Section 2.4: More Visualization Methods

Exercise 42: Car Price

Used sedan data: Price, Age, Mileage

Questions:

  1. Scatterplot: Price vs Age
  2. Scatterplot: Price vs Mileage
  3. Create Mileage_category (< 50,000 = Low, else High)
  4. Scatterplot with categories

Solution

Show solution
rm(list = ls())

Car_Price <- read_excel("Car_Price.xlsx")

a) Price vs Age

Show solution
plot(Car_Price$Price ~ Car_Price$Age,
     col = "blue",
     main = "Price vs Age",
     xlab = "Age (years)",
     ylab = "Price ($)",
     pch = 16)

Answer: There appears to be a negative relationship between the price of a car and its age, because the older the car, the cheaper it is.

b) Price vs Mileage

Show solution
plot(Car_Price$Price ~ Car_Price$Miles,
     col = "orange",
     main = "Price vs Mileage",
     xlab = "Mileage",
     ylab = "Price ($)",
     pch = 16)

Answer: There appears to be a negative relationship between the price of a car and its mileage. Cheaper cars tend to have more mileage (which also relates to being older cars).

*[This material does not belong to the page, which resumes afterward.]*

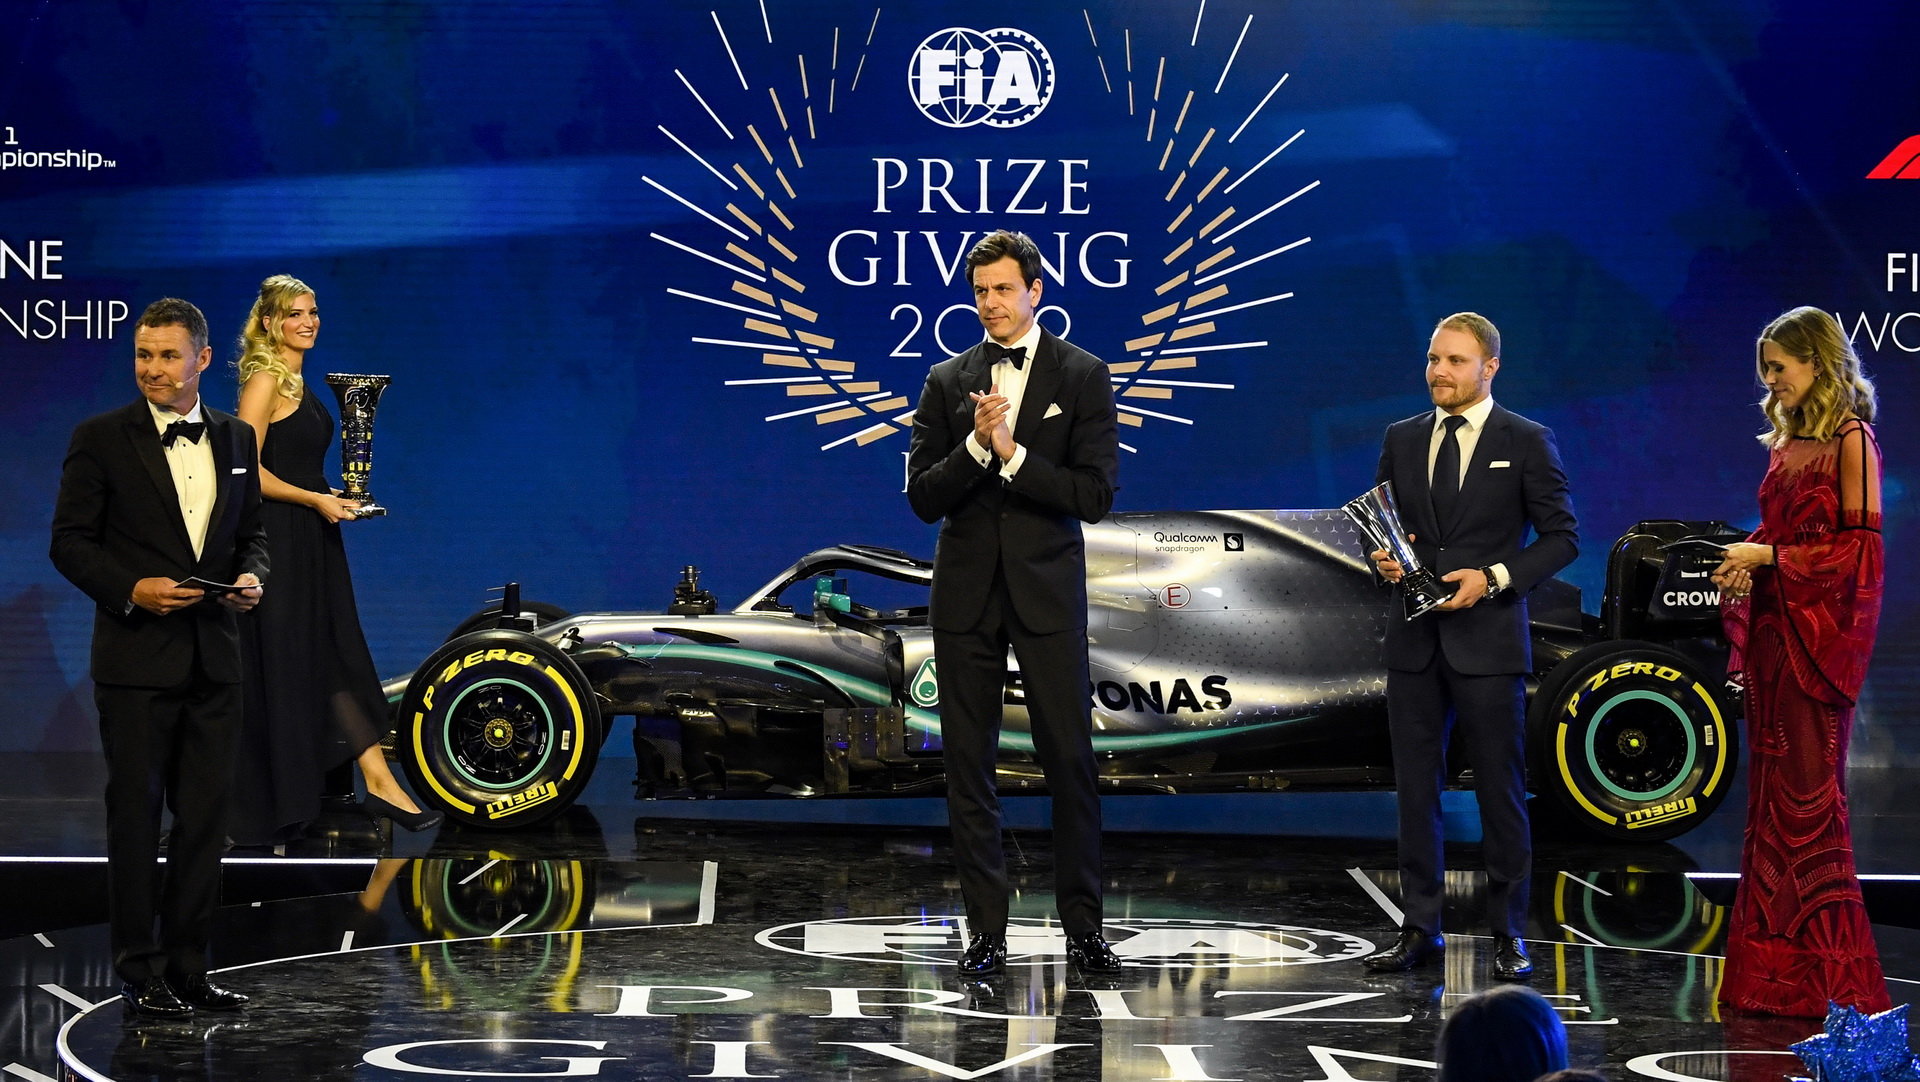 Slavnostní předávání cen za mistrovský titul v sezóně 2019 pro tým Mercedes

c) Create Mileage Category

Show solution
# Convert to categorical variable using ifelse()
Car_Price$Miles_Cat <- ifelse(Car_Price$Miles < 50000, "Low_Mileage", "High_Mileage")
table(Car_Price$Miles_Cat)

High_Mileage  Low_Mileage 
           7           13 

Answer: 7 cars have mileage greater than 50,000 (High Mileage category).

d) Scatterplot with Categories

Show solution
plot(Car_Price$Price ~ Car_Price$Age,
     pch = 16,
     col = ifelse(Car_Price$Miles_Cat == "Low_Mileage", "blue", "red"),
     main = "Price vs Age by Mileage Category",
     xlab = "Age (years)",
     ylab = "Price ($)")

legend("topright",
       legend = c("Low Mileage", "High Mileage"),
       pch = 16,
       col = c("blue", "red"))

Answer: The negative relationship between age and price is consistent for cars of both mileage categories.


Exercise 43: Internet Stocks

Compare Amazon (AMZN) and Alphabet (GOOG) stock performance 2016-2019.

Questions:

Construct a line chart showing both stocks over time. Which stock shows greater price appreciation?

Solution

Show solution
rm(list = ls())

Internet_Stocks <- read_excel("Internet_Stocks.xlsx")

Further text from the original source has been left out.